--- Exercise objective ---
Apart from the images, reproduce all of the data word for word.
*** Information provided Section Begins ***
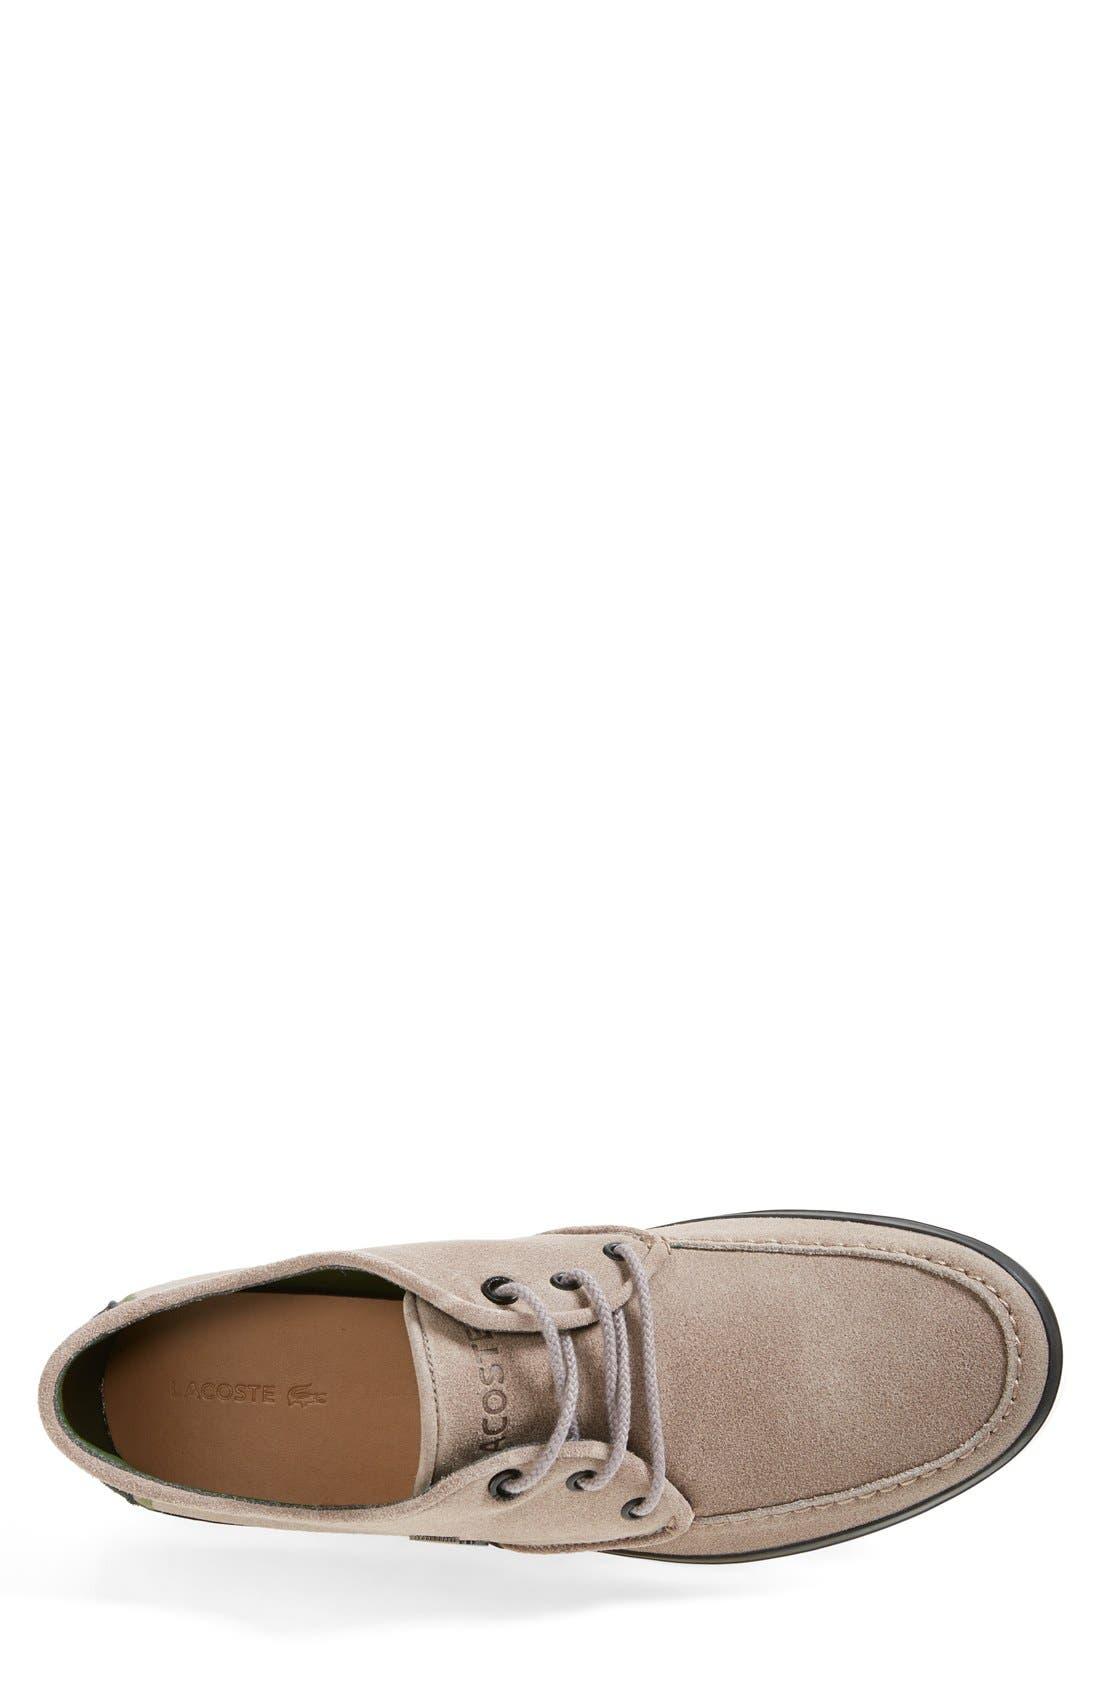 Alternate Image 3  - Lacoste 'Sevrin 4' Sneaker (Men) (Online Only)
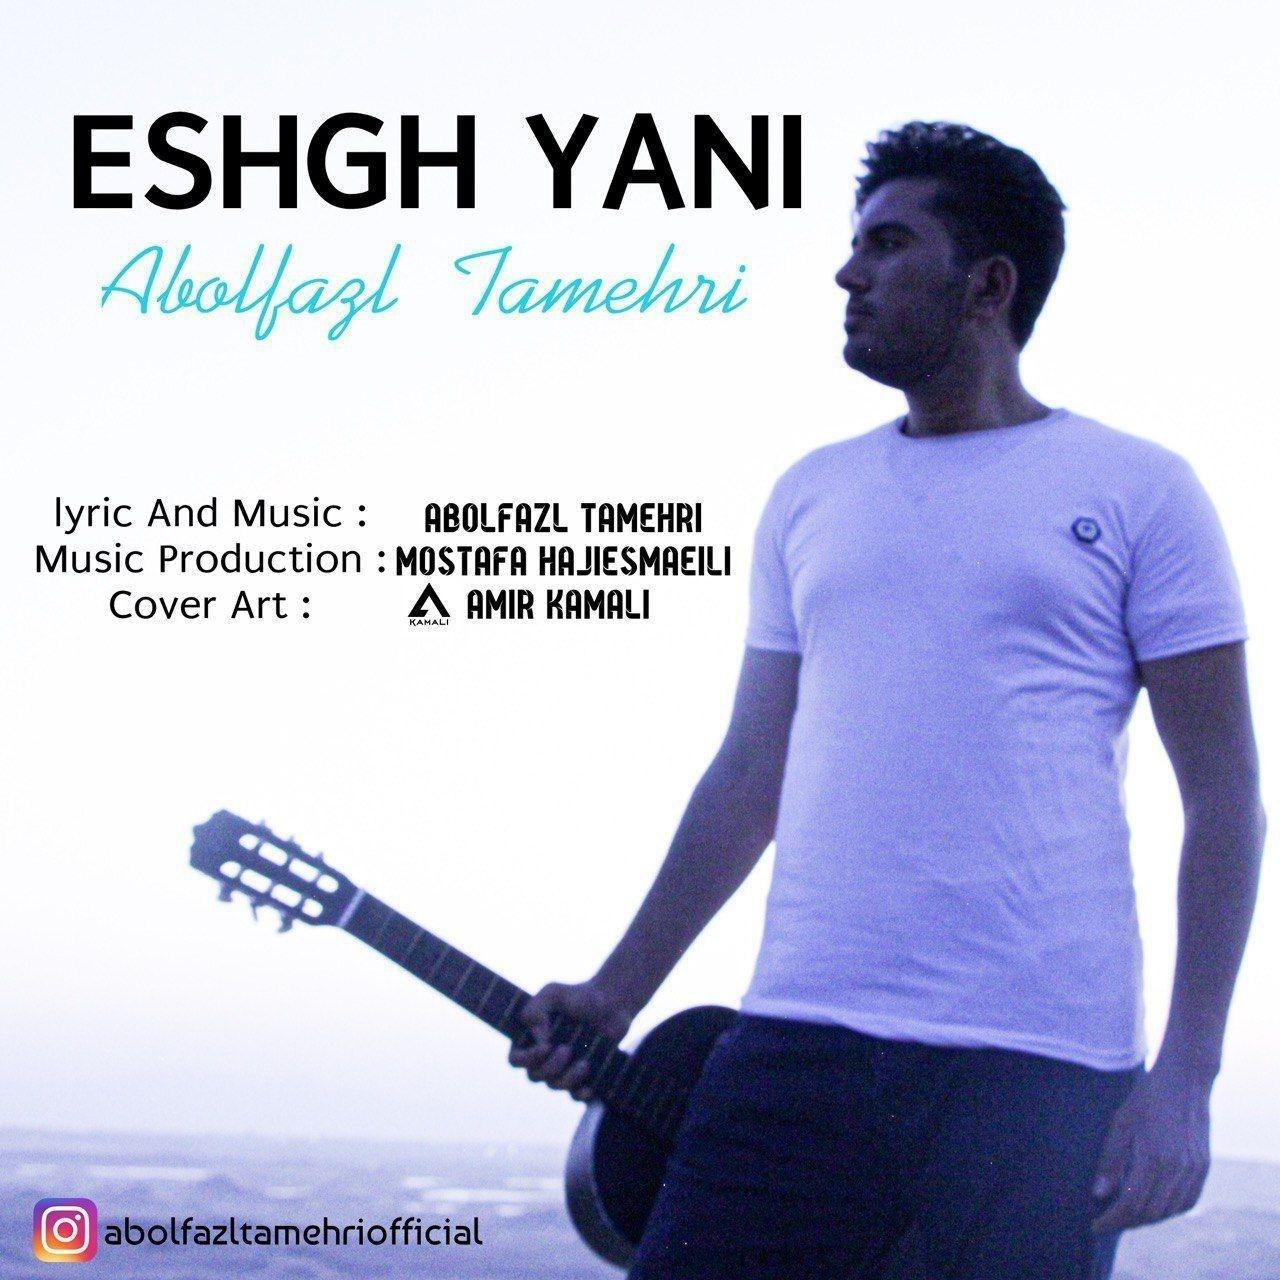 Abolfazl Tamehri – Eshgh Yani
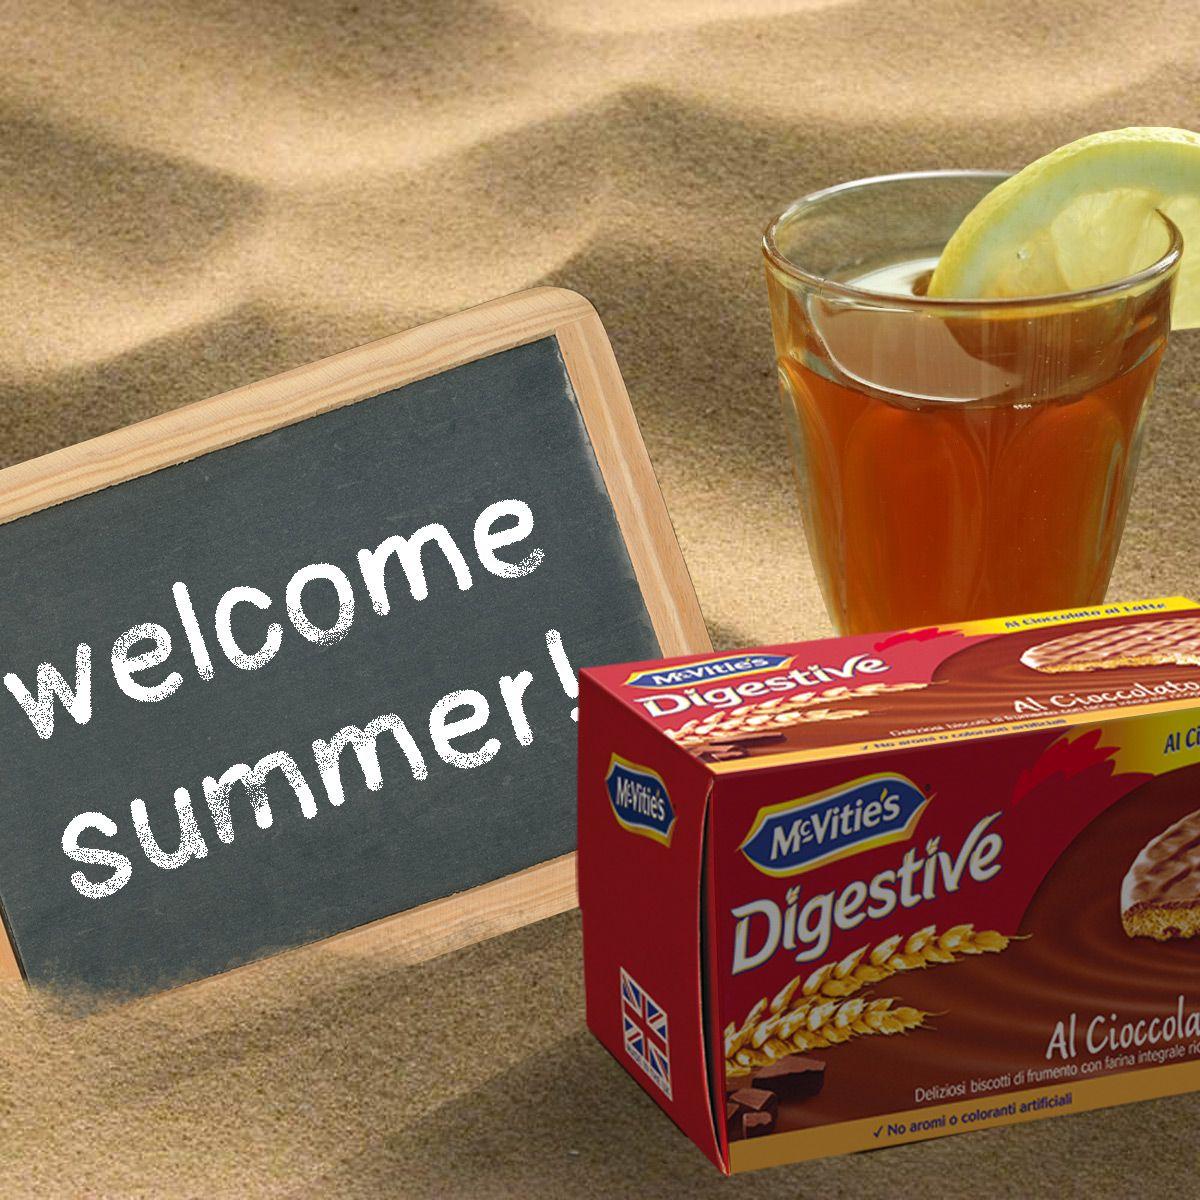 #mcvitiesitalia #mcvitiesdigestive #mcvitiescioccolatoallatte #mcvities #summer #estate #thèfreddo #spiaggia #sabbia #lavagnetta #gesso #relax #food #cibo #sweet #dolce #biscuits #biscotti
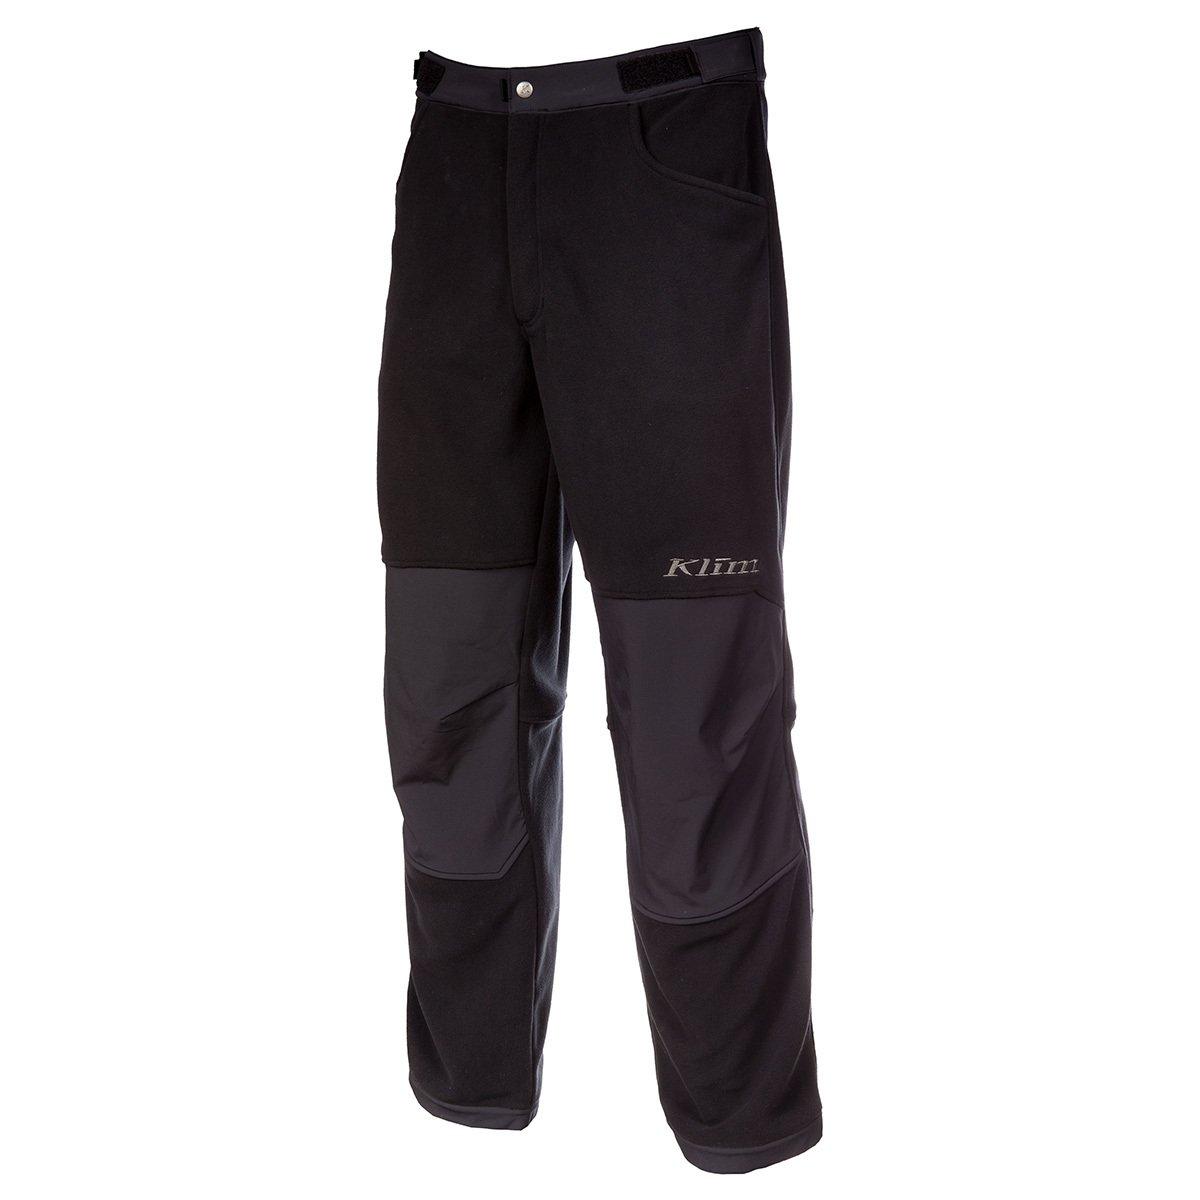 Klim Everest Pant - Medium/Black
*** Information provided Section Ends ***
--- Reply to the task ---
 Alternate Image 3  - Lacoste 'Sevrin 4' Sneaker (Men) (Online Only)
 Abolfazl Tamehri – Eshgh Yani
 #mcvitiesitalia #mcvitiesdigestive #mcvitiescioccolatoallatte #mcvities #summer #estate #thèfreddo #spiaggia #sabbia #lavagnetta #gesso #relax #food #cibo #sweet #dolce #biscuits #biscotti
 Klim Everest Pant - Medium/Black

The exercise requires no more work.